Note that there are no trickle vents in the double-glazed windows. The windows are open, but I suspect this is because I was surveying the property.

Mould is even growing next to the passive vent.

Unless there is wind outside, passive vents do you little more then reduce the temperature increasing the risk of mould.

Condensation – Cold water comes into a property at about 8°C in winter.

You can see the condensation forming along the pipes. Consider insulating cold water pipes.

There was some dampness on an internal wall next to the bathroom.

I can’t be sure what is causing this dampness, but the three most likely causes are 1) water finding its way through cracks in the bathroom tiles, 2) spillages from the bathroom floor or mop, and 3) condensation forming on the nearby cold water pipes.

The kitchen extractor fan does not duct externally.

Ventilation is most effective when air is extracted close to the vapour source; bathroom, kitchen, drying clothes and occupied rooms. The internal ventilation does not meet Building Regulation 2010 Part F requirements. This is best achieved with mechanical extractor fans. See surveyor.tips/vent_regs specifically P39 and P19:

  1. Bathroom 15 l/s with a 30-minute overrun.
  2. Kitchen 30 l/s adjacent to hob; or 60 l/s elsewhere in kitchen.
The bathroom extractor fan is slow and stops as soon as lights are turned off.
There is no ventilation in the kitchen.

The mould is growing across the lintel. Lintels are normally made of concrete reinforced by metal.

I tested and found that there was metal in the lintel.

Metal causes rapid heat lost when it’s cold outside, this illustrates the insulation challenge, but not the solution.

The tenants are drying the clothes in doors.

Clothes add about half a litre of water per person per day, to an already humid environment.

You will notice some leaking from under the shower panel, this is easy to fix.
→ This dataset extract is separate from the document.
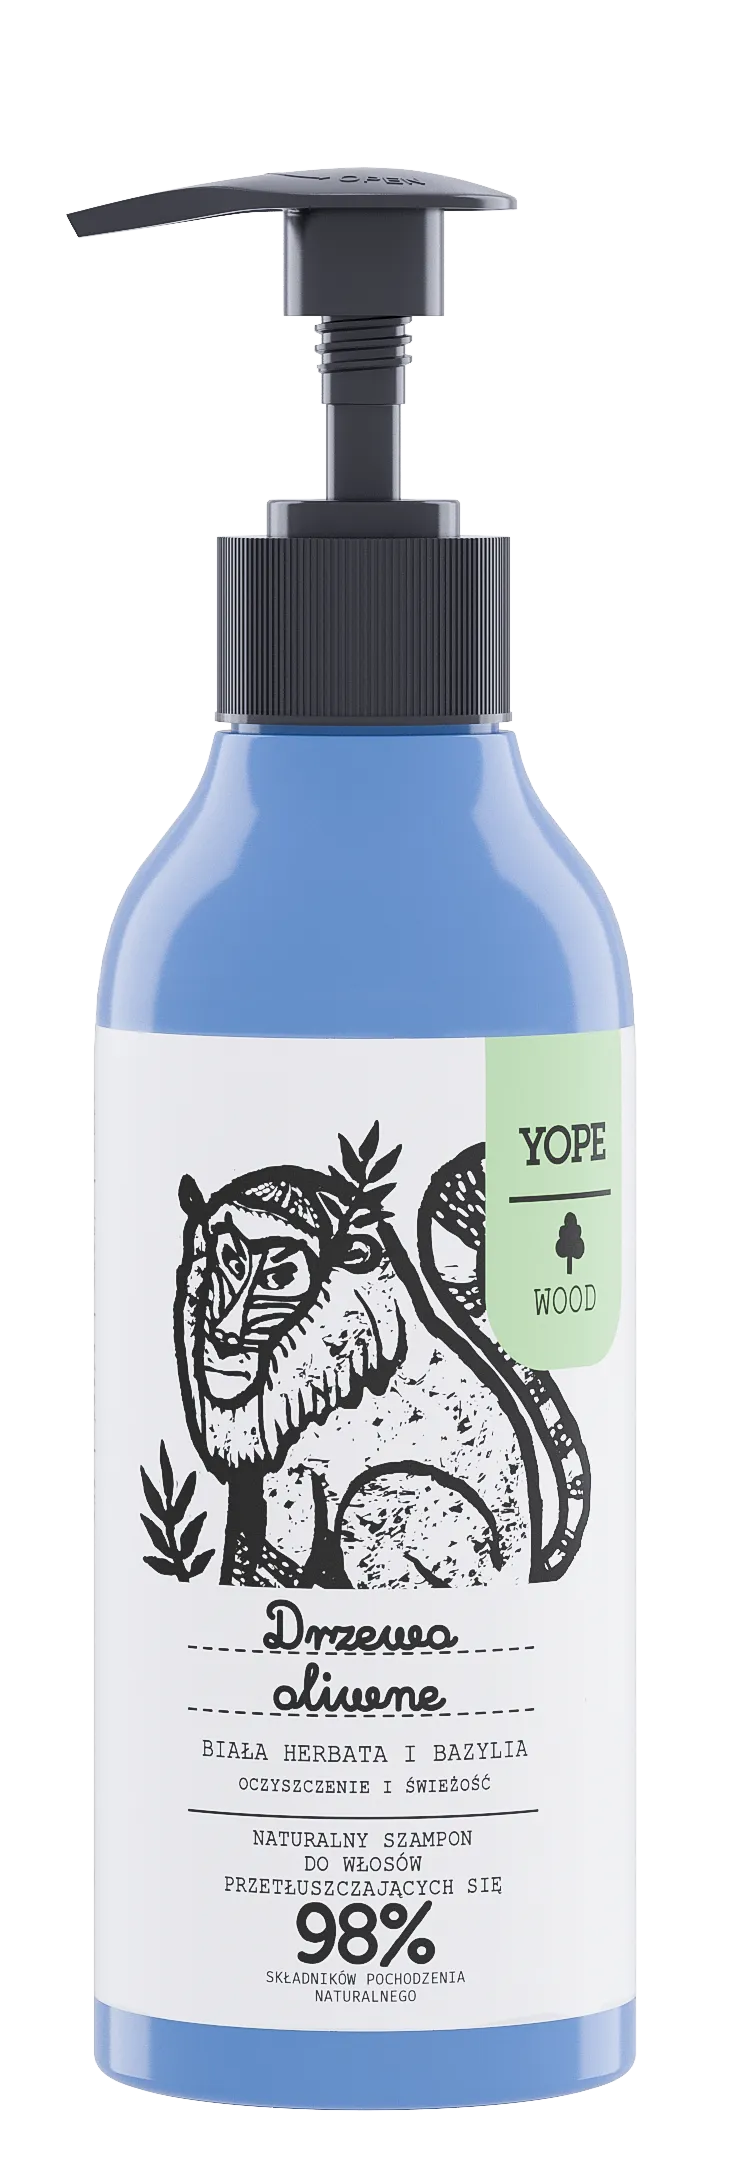 YOPE Wood szampon do włosów przetłuszczających się Drzewo Oliwne, Biała Herbata, Bazylia, 300 ml

Missing sealant, cracked grouting and leaking shower panels are all common problems and should form part of your regular maintenance checks.

I climbed onto the roof.

It looks like somebody has spent a considerable amount of money and time trying to stop water penetrating, when in fact the water is coming from inside the flat, not from above. If there was penetrating damp then that would be brown stains on the ceiling.

Some of the coping stones have been sealed, they look in reasonable order.

I think the roof will probably last for a few years. If you are thinking longer term you should consider installing insolation and a seamless roof covering, such as EPDM. It will cost in the order of £5,000 to £10,000 to install. It is probably a freeholder decision and responsibility.

The challenge with the roof is the blistering under their roof coating and ponding.

High CO2 is not dangerous but makes a place feel “stuffy”. It is a sign that there is insufficient fresh air coming into the property. Despite the windows have been open for 10 – 20 minutes before I was allowed in, the CO2 meter reading of 1,370ppm, which is exceptionally. The normal level is around 500ppm. High levels of CO2 suggests that windows are not being opened enough for the level of occupancy.

Even if the bathroom and kitchen extractor fans exceeded building regulations, they could not account for such a high level of CO2. The tenants should be encouraged to monitor CO2 and open windows when the level exceeds 800ppm.